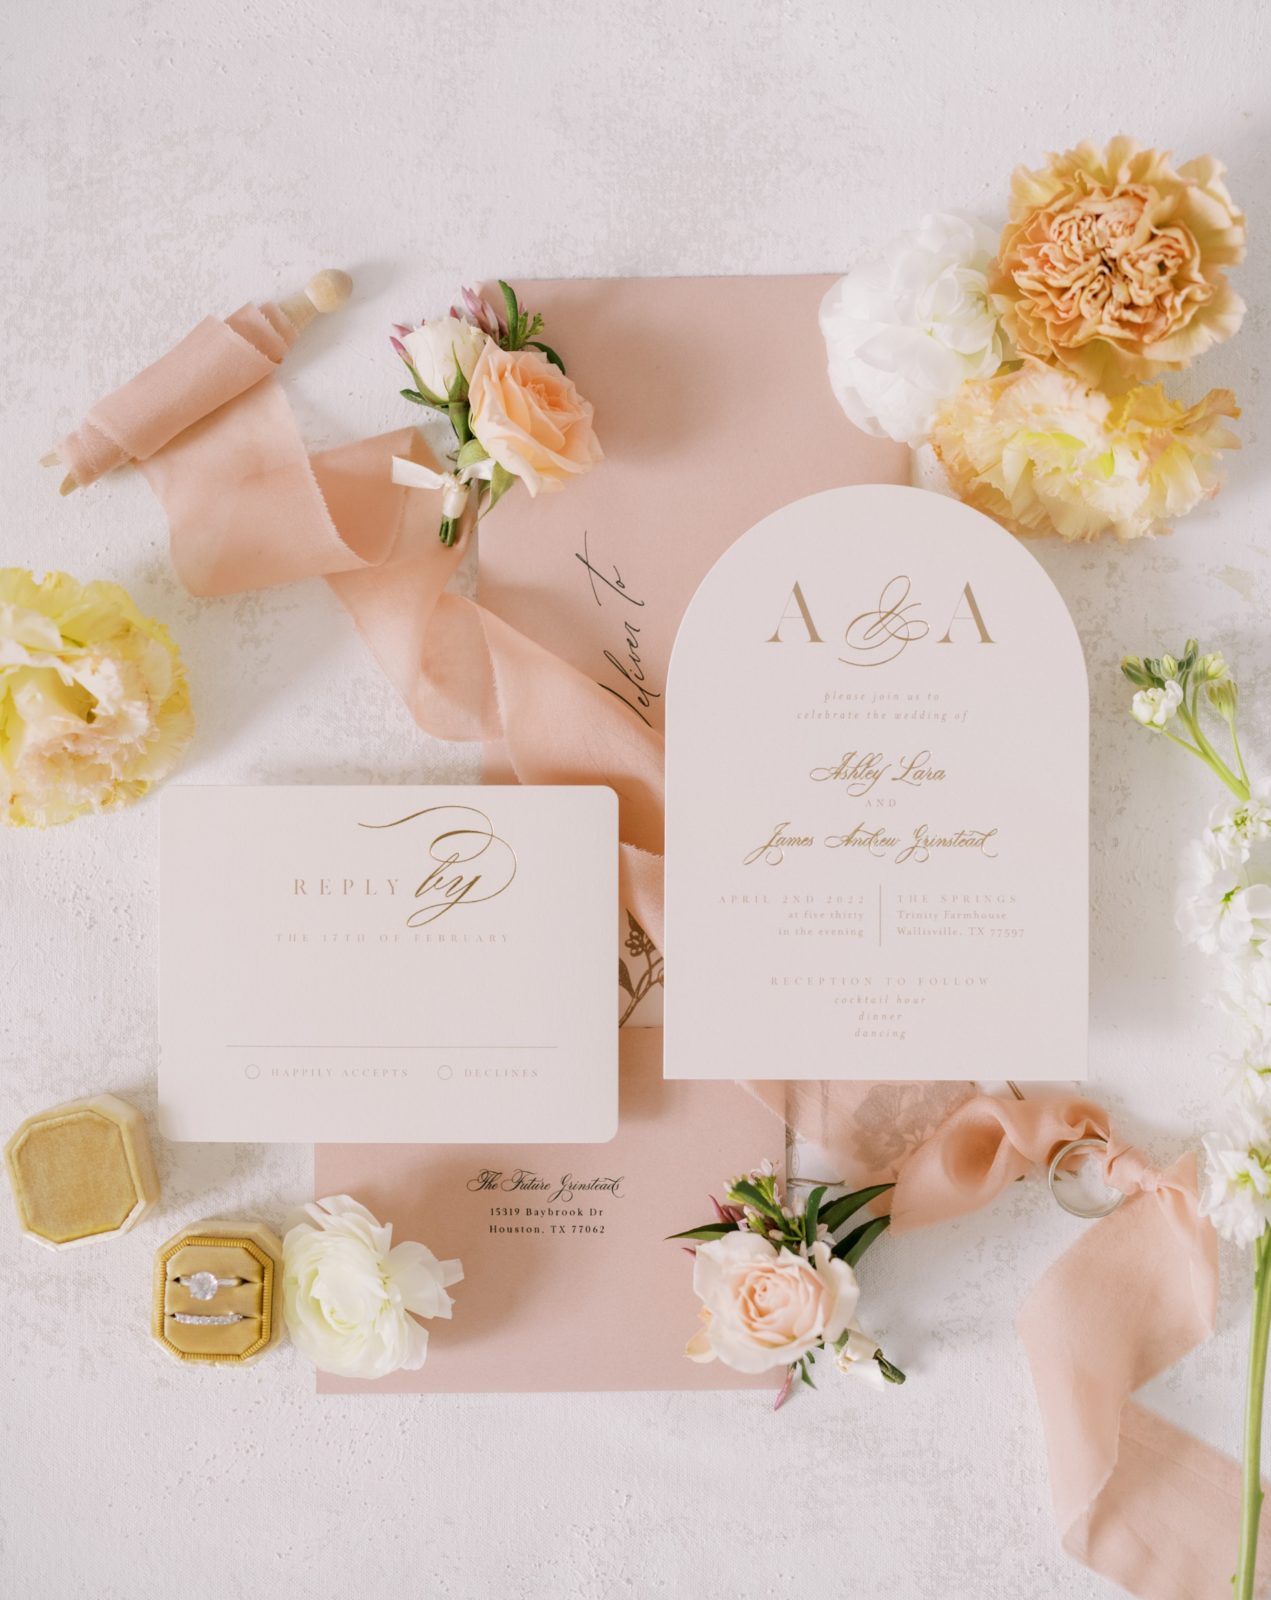 Flat lay of wedding invitation and weddign rings by Christina Elliott Photography. pink wedding announcements yellow ring box #ChristinaElliottPhotography #ChristinaElliottWeddings #Houstonweddings #TheSpringsVenue #EastHoustonweddings #Mrs #Mr
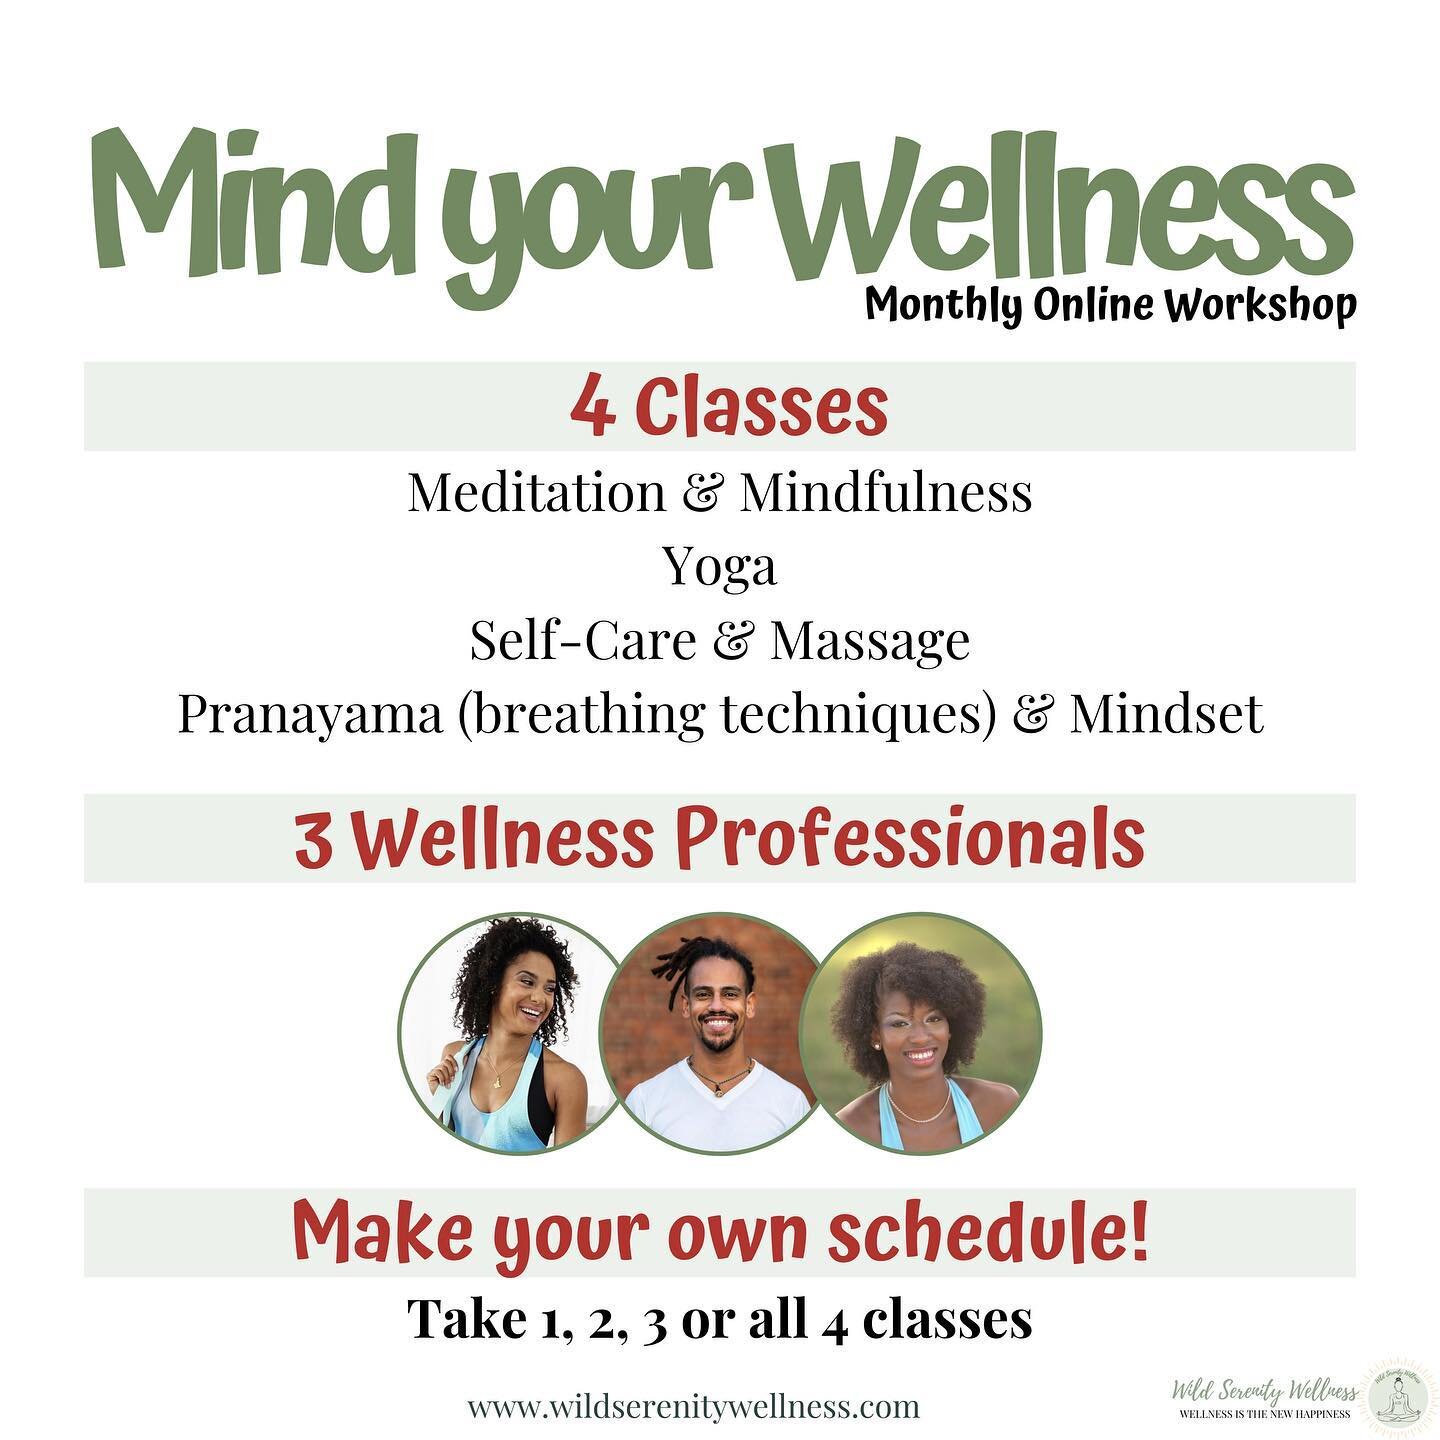 You asked for it and we listened!!!
Now you can make up your own workshop schedule! Take 1, 2, 3 or all 4 classes... See you on May 15th.

&gt;&gt;&gt; Link in bio for tickets &lt;&lt;&lt;
&bull;
&bull;
&bull;
#mindyourwellness
#wellnessworkshop 
#we
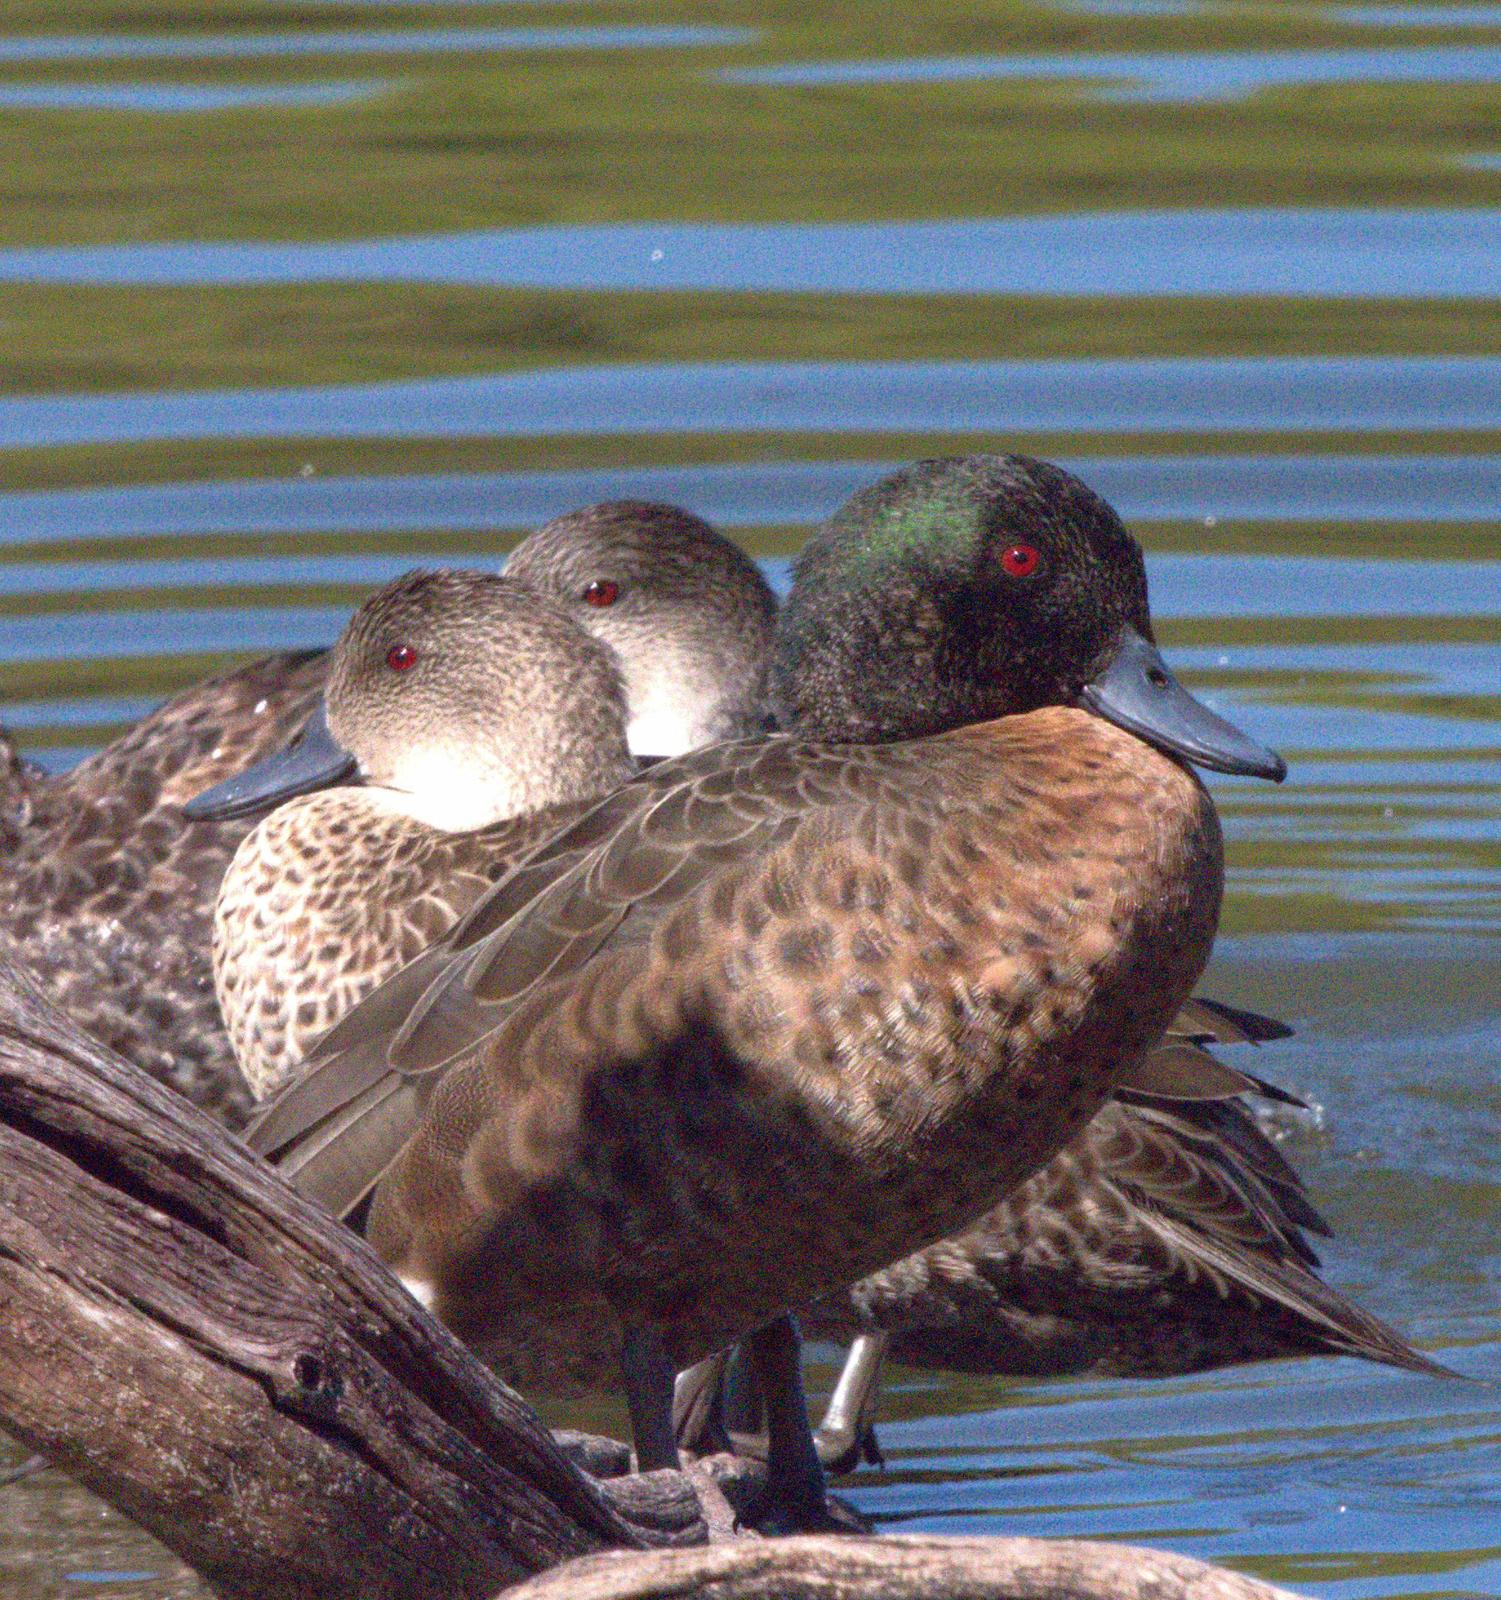 Chestnut Teal Photo by Peter Lowe

■ Problem requirements
The task calls for every line of the data to be returned exactly, without pictures.

■ Answer to this exercise
 Flat lay of wedding invitation and weddign rings by Christina Elliott Photography. pink wedding announcements yellow ring box #ChristinaElliottPhotography #ChristinaElliottWeddings #Houstonweddings #TheSpringsVenue #EastHoustonweddings #Mrs #Mr
 You asked for it and we listened!!!
Now you can make up your own workshop schedule! Take 1, 2, 3 or all 4 classes... See you on May 15th.

&gt;&gt;&gt; Link in bio for tickets &lt;&lt;&lt;
&bull;
&bull;
&bull;
#mindyourwellness
#wellnessworkshop 
#we
 Chestnut Teal Photo by Peter Lowe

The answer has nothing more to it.